Trotz verschärftem Fachkräftemangel: EU/Efta-Zuwanderung sinkt

24. Februar 2022 News

Während sich der Fachkräftemangel mit der starken Erholung der Schweizer Wirtschaft ab dem Sommerhalbjahr 2021 nochmals verschärft hat und Firmen händeringend nach Personal suchen, ging die Zuwanderung aus EU/Efta-Ländern 2021 im Vergleich zum Vorjahr um mehr als 10 Prozent zurück. Dieser Rückgang der Nettozuwanderung dürfte ein erster Vorgeschmack auf die Entwicklung in den nächsten Jahren sein. Die Schweiz muss ihr inländisches Arbeitskräftepotenzial dringend stärker ausschöpfen.

Die vom Staatssekretariat für Migration (SEM) publizierten Zahlen zur Nettozuwanderung aus EU/Efta-Staaten zeigen, was sich bereits in den vergangenen Jahren abzeichnete: Der Wettbewerb um Arbeits- und insbesondere Fachkräfte hat sich in der industrialisierten Welt stark intensiviert. Seit 2013, als netto über 70’000 Zuwanderer in die Schweiz kamen, hat sich die Zuwanderung aus EU/Efta-Ländern inzwischen mehr als halbiert. Der Rückgang der Nettozuwanderung von 2020 auf 2021 überrascht nicht zuletzt aufgrund der Tatsache, dass sie 2020 infolge des Corona-bedingten wirtschaftlichen Einbruchs und der höheren Arbeitslosigkeit bereits tief lag und 2021, trotz wirtschaftlichem Aufschwung, nicht nachzog. Mit den fast gleichzeitig erstarkten wirtschaftlichen Aktivitäten in den Ländern der Europäischen Union wird die Rekrutierung von Personal auch bei ihnen zunehmend schwieriger. Zudem sind diese Länder, gleich wie die Schweiz, durch die voranschreitende demografische Entwicklung herausgefordert, wodurch das Arbeitskräfteangebot weiter abnimmt.

Die Nettozuwanderung aus EU/Efta-Ländern erreichte 2008 mit 73’247 Personen einen Höchststand. Dabei wanderten 45 Prozent aus Deutschland, knapp 18 Prozent aus Portugal und 12 Prozent aus Frankreich ein, wodurch diese drei Länder Dreiviertel der EU/Efta-Zuwanderung abdeckten.
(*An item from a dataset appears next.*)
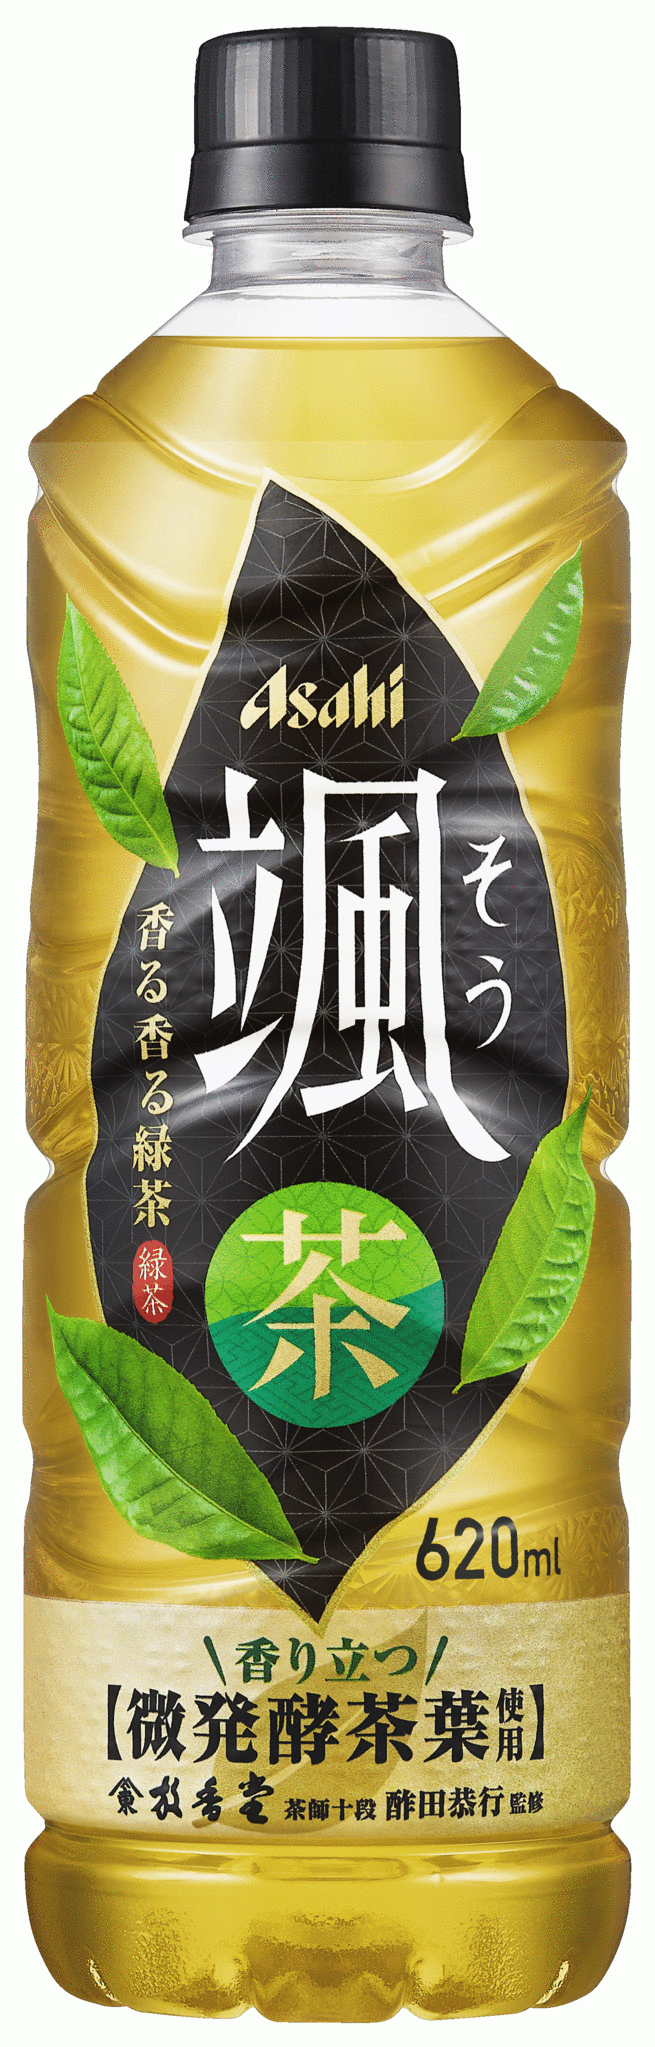 緑茶のニーズは「香り」へ新ブランド『アサヒ 颯(そう)』 4月4日発売

Seither hat sich die länderspezifische Zusammensetzung der Nettozuwanderung stark verändert: 2021 kamen noch 50 Prozent aus den drei Ländern Deutschland (19 Prozent), Italien (16 Prozent) und Frankreich (15 Prozent) in die Schweiz. Der vierthöchste Anteil fiel mit gerade noch 7 Prozent auf Personen aus Rumänien. Einen interessanten Verlauf nahm die Zahl der Nettozuwanderung von Personen aus Portugal. Lag diese im Jahr 2013 noch bei knapp 15’000, nahm sie bis 2019 kontinuierlich bis auf minus 2750 Personen im Jahr 2019 ab. Auch 2021 wanderten mehr Personen aus Portugal aus als ein.
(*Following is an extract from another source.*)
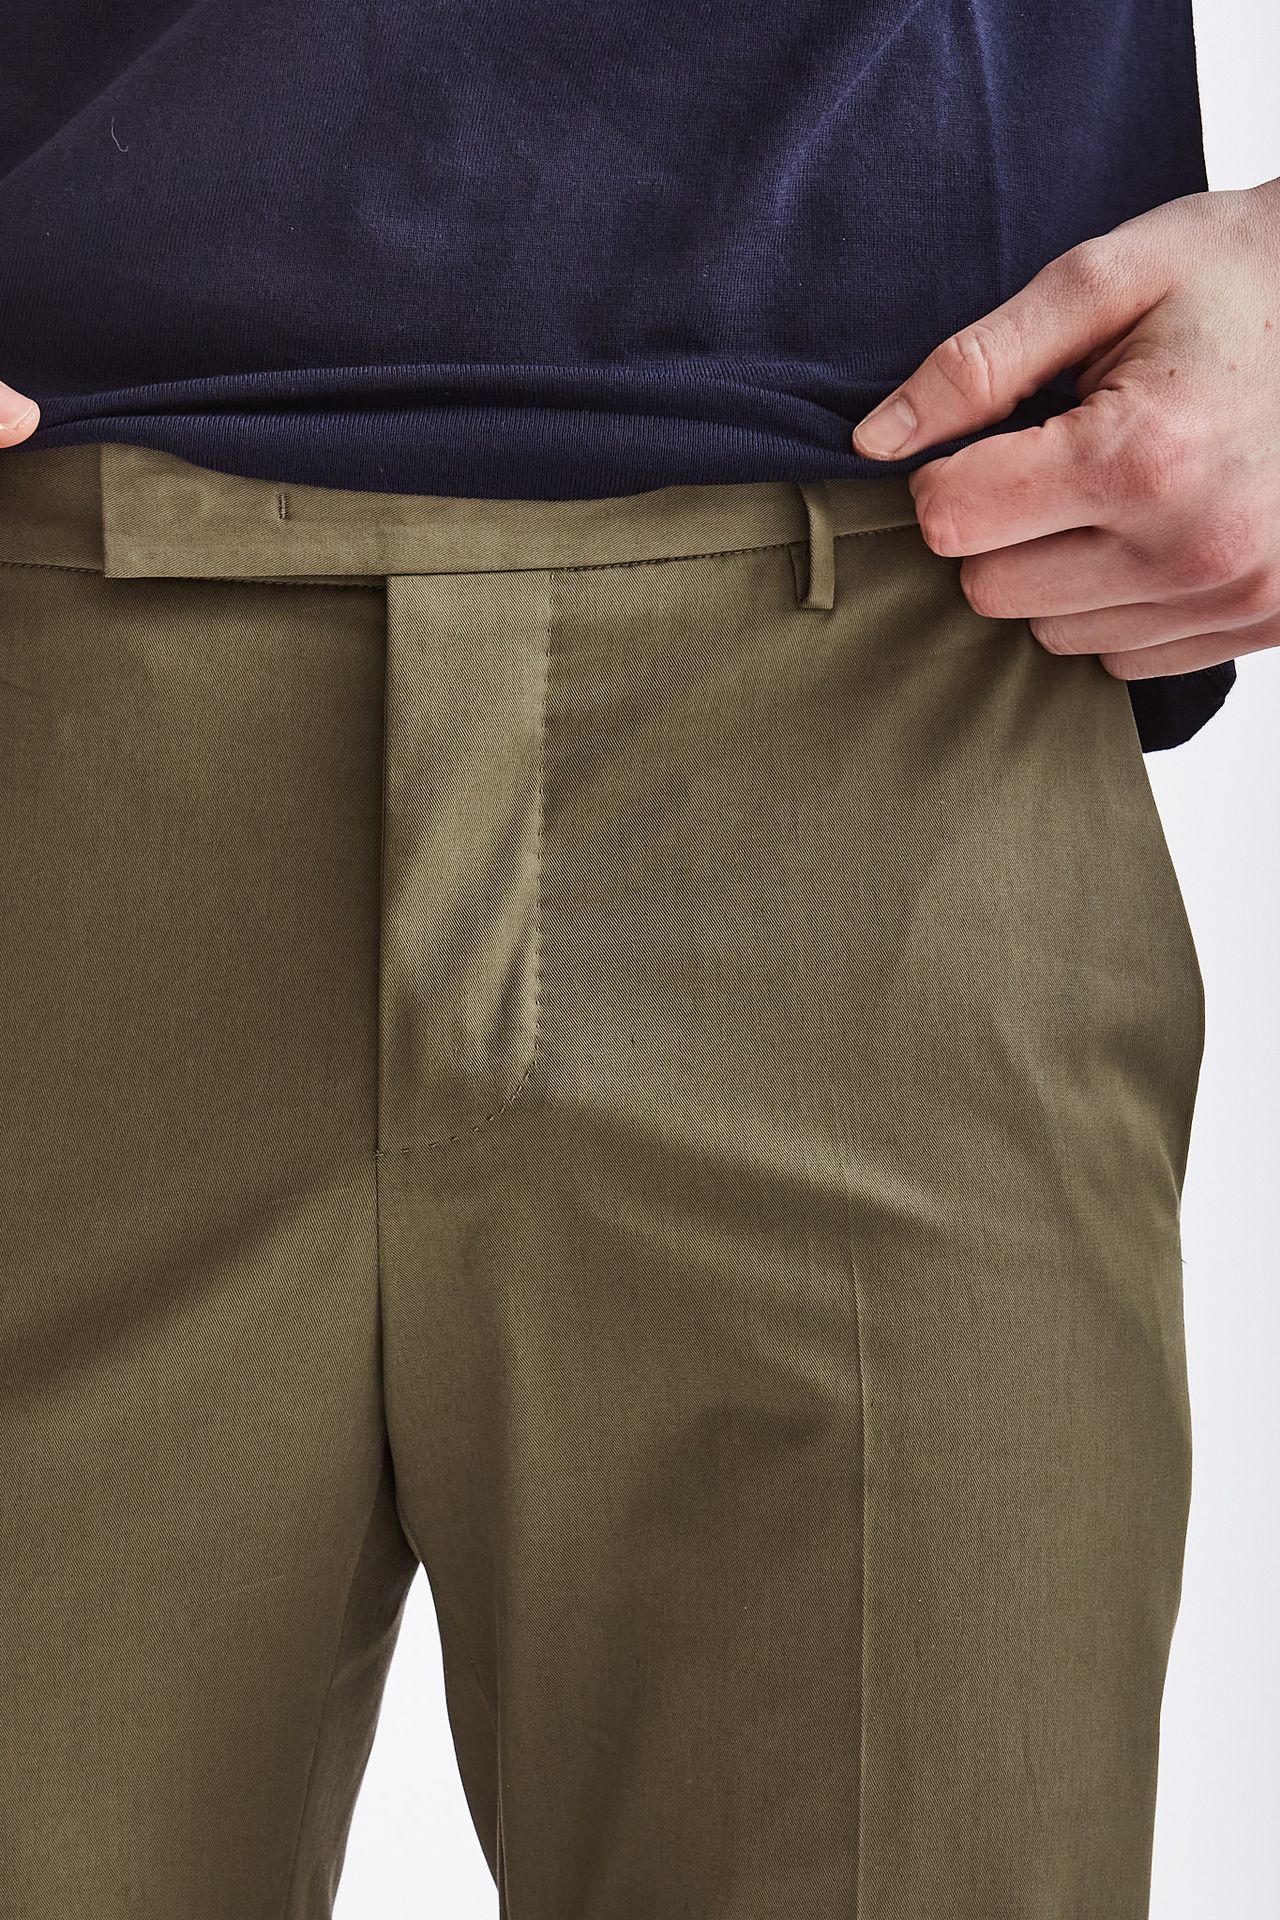 Pantalone EDGE-DIECI in cotone verde

Die Zuwanderung aus EU/Efta-Ländern konnte in den letzten Jahren subsidiär zu den inländischen Arbeitskräften einen wichtigen Teil der Arbeitskräftenachfrage decken. Dies dürfte zukünftig zunehmend schwieriger werden, da Länder wie Deutschland, Italien oder Frankreich, die sich zurzeit wirtschaftlich ebenfalls sehr gut entwickeln, vor ähnlich gelagerten Herausforderungen wie die Schweiz stehen. Einen ersten Vorgeschmack auf rückläufige Zuwanderungszahlen aus EU/Efta-Staaten geben nun die Zahlen für 2021, die deutlich tiefer ausfallen als 2020.

Die Schweiz muss aus dieser Entwicklung rasch Lehren ziehen und die Hausaufgaben im Inland schnell und nachhaltig angehen. Bei der Ausschöpfung des inländischen Arbeitskräftepotenzials steht neben der Wirtschaft vor allem auch die Politik in der Verantwortung. Darüber sollte ein klarer Konsens herrschen – gerade jene politischen Kräfte, denen die Zuwanderungszahlen der letzten Jahre stets ein Dorn im Auge waren, müssen nun beweisen, dass ihnen an Lösungen zur Deckung der Arbeitskräftenachfrage gelegen ist. Der Preis der Untätigkeit wäre schlicht zu hoch.